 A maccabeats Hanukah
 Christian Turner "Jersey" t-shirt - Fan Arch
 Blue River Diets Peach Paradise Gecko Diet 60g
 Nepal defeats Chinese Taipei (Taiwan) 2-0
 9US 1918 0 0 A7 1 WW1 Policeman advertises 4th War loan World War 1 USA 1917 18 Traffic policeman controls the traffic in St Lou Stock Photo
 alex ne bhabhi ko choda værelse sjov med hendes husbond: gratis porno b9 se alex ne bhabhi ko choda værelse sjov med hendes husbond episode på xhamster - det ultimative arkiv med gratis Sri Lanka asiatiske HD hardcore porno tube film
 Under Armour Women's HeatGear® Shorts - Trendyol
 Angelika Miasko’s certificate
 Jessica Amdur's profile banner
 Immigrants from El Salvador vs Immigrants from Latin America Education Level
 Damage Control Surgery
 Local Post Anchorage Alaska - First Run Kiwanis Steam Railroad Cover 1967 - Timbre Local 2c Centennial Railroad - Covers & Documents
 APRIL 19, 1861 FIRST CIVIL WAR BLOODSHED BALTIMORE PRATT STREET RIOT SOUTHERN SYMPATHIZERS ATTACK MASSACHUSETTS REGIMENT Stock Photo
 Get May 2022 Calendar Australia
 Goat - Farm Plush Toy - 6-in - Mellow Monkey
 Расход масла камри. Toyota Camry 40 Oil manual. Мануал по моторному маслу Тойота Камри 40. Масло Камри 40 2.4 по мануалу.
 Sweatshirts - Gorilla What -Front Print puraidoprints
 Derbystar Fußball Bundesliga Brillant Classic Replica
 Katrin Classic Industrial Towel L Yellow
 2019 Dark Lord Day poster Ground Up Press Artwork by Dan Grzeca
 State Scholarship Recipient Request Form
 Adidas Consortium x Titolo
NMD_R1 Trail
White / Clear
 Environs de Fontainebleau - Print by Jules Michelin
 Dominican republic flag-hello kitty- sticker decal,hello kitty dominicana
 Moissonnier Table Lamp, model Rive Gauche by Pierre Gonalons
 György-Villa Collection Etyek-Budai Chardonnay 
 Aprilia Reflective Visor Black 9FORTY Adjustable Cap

**EXERCISE:**
Which of the lines above include the string "Stock"? Pick them out and copy them.

**SOLUTION TO THIS EXERCISE:**
 9US 1918 0 0 A7 1 WW1 Policeman advertises 4th War loan World War 1 USA 1917 18 Traffic policeman controls the traffic in St Lou Stock Photo
 APRIL 19, 1861 FIRST CIVIL WAR BLOODSHED BALTIMORE PRATT STREET RIOT SOUTHERN SYMPATHIZERS ATTACK MASSACHUSETTS REGIMENT Stock Photo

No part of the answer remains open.